En 2019, l’EMA a exigé que les notices des ISRS et IRSN mentionnent le PSSD comme effet indésirable possible. Cette reconnaissance officielle est importante : elle valide la réalité d’un phénomène longtemps ignoré, voire nié, par une partie du corps médical.

La prévalence exacte du PSSD est inconnue, faute d’études épidémiologiques robustes. Les données disponibles suggèrent qu’il est rare mais non exceptionnel. Des facteurs de risque potentiels ont été identifiés : durée du traitement, molécule utilisée (paroxétine sur-représentée dans les cas rapportés), dose. Aucun traitement n’a prouvé son efficacité à ce jour ; des pistes de recherche existent (notamment autour des neurostéroïdes) mais aucune n’est validée cliniquement.

Comment en parler à son médecin ou psychiatre

Le sujet reste difficile à aborder pour de multiples raisons : honte, crainte d’être décrédibilisé, peur que le médecin minimise. Quelques points d’appui :

  • Nommer le problème précisément : « Depuis que je prends ce traitement, j’ai constaté X » avec des exemples concrets (absence d’orgasme, sensibilité réduite, désintérêt total).
  • Signaler que la balance bénéfice-risque peut changer : si les effets sexuels affectent la qualité de vie et l’adhésion au traitement, c’est une donnée clinique pertinente.
  • Demander des alternatives : la vortioxétine, l’agomélatine, la mirtazapine ou le bupropion (hors AMM) peuvent être des options selon votre profil clinique.
  • En cas de PSSD suspecté : signaler l’effet à la pharmacovigilance (via le portail signalement-sante.gouv.fr) et demander un avis spécialisé en médecine sexuelle. La reconnaissance de l’EMA vous donne une base pour être pris au sérieux.

Ne jamais arrêter un antidépresseur brutalement sans avis médical. Le sevrage doit être progressif et encadré pour éviter le syndrome de discontinuation et le risque de rechute.

FAQ

Tous les antidépresseurs causent-ils des effets sexuels ? Non. Les ISRS et IRSN sont les plus concernés.
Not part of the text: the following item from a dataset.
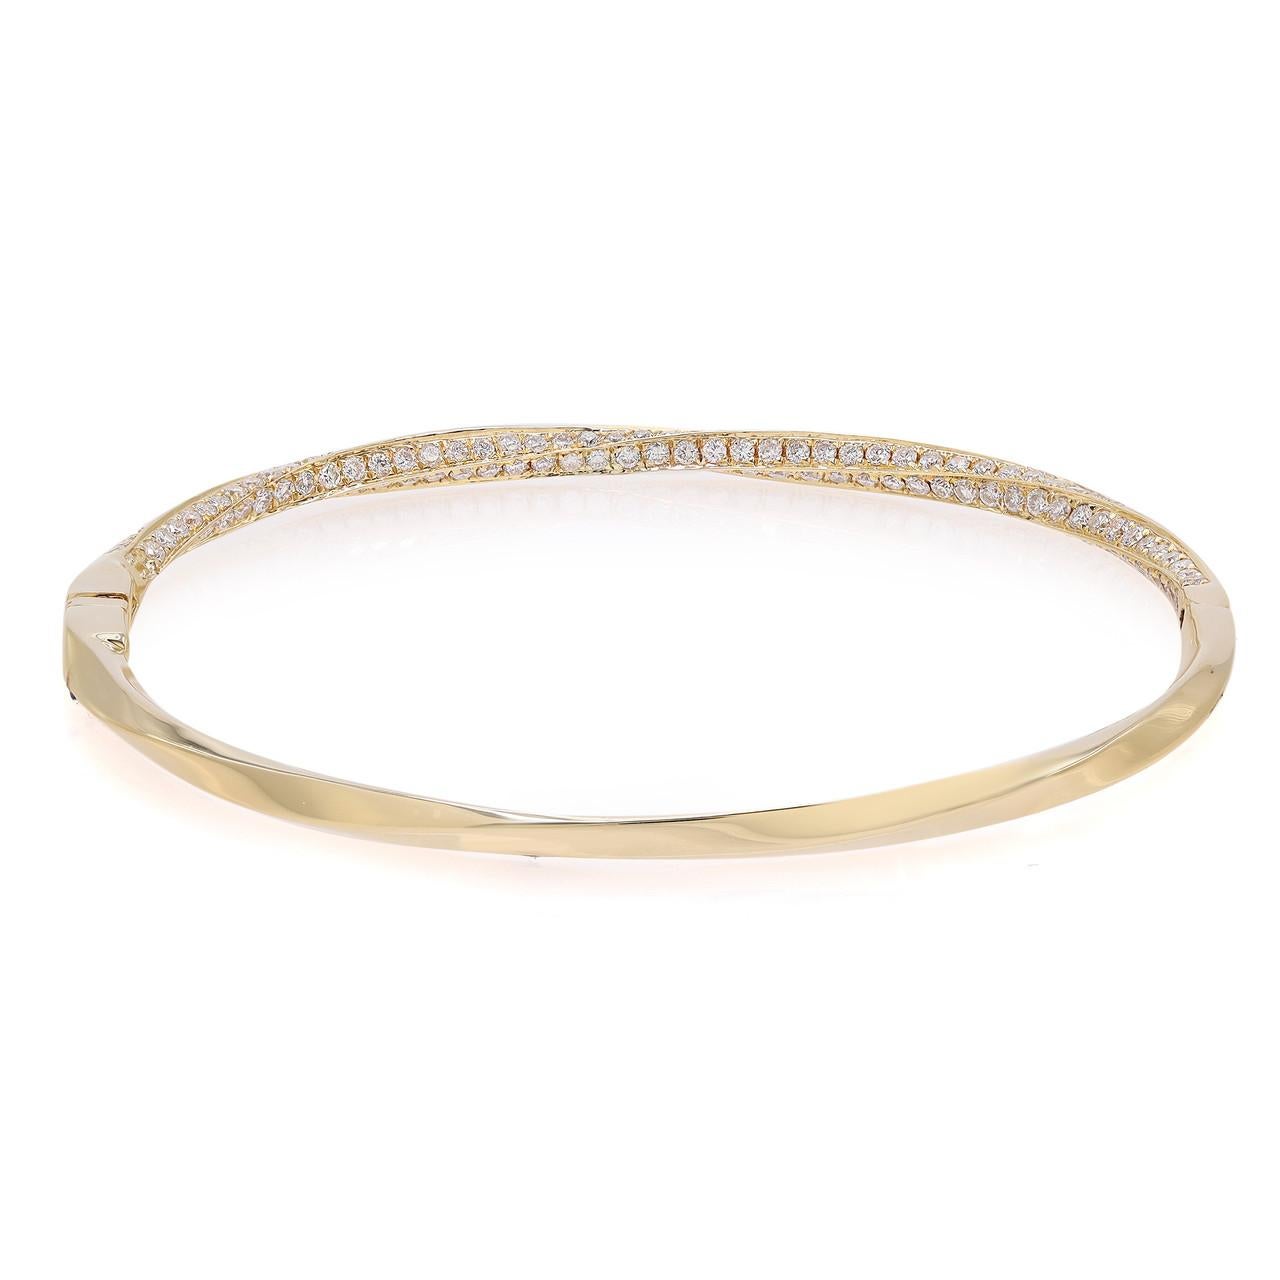 Wir stellen Ihnen unser exquisites 2.07 Karat Rundschliff-Diamant-Armband in Gelbgold vor. Dieses bezaubernde Schmuckstück verbindet die Eleganz eines Twist-Designs mit dem Glanz gepflasterter Diamanten und ist ein wahrhaft atemberaubendes

D’autres classes (bupropion, agomélatine, mirtazapine) ont des profils sexuels plus favorables et peuvent être des alternatives selon l’indication.

Les effets sexuels disparaissent-ils avec le temps sous traitement ? Parfois. Certains patients constatent une amélioration après quelques semaines. D’autres non. Si les effets persistent à deux mois, il vaut la peine d’en reparler à son médecin.

Le PSSD est-il irréversible ? Pas nécessairement. Certains patients récupèrent spontanément, parfois après plusieurs mois ou années. D’autres ont des symptômes persistants à long terme. Il n’existe pas de traitement validé à ce jour.

Peut-on réclamer une mention du PSSD dans la notice de son médicament ? Depuis la décision de l’EMA en 2019, les notices des ISRS et IRSN en Europe doivent mentionner ce risque. Si la notice de votre médicament ne le mentionne pas, une version mise à jour doit exister sur le site de l’EMA.

Qu’est-ce que le syndrome de discontinuation des ISRS ? C’est un ensemble de symptômes (vertiges, nausées, sensations électriques, anxiété) qui apparaissent lors de l’arrêt ou de la réduction trop rapide d’un ISRS. Il est distinct du PSSD et réversible, mais doit être géré médicalement.

Conclusion

Les effets sexuels des antidépresseurs sont réels, fréquents et parfois persistants. La reconnaissance du PSSD par l’EMA marque une étape importante. Changer de molécule ou d’approche thérapeutique est possible sans renoncer à traiter la dépression. La clé est d’oser mettre le sujet sur la table avec son médecin, en s’appuyant sur des données solides.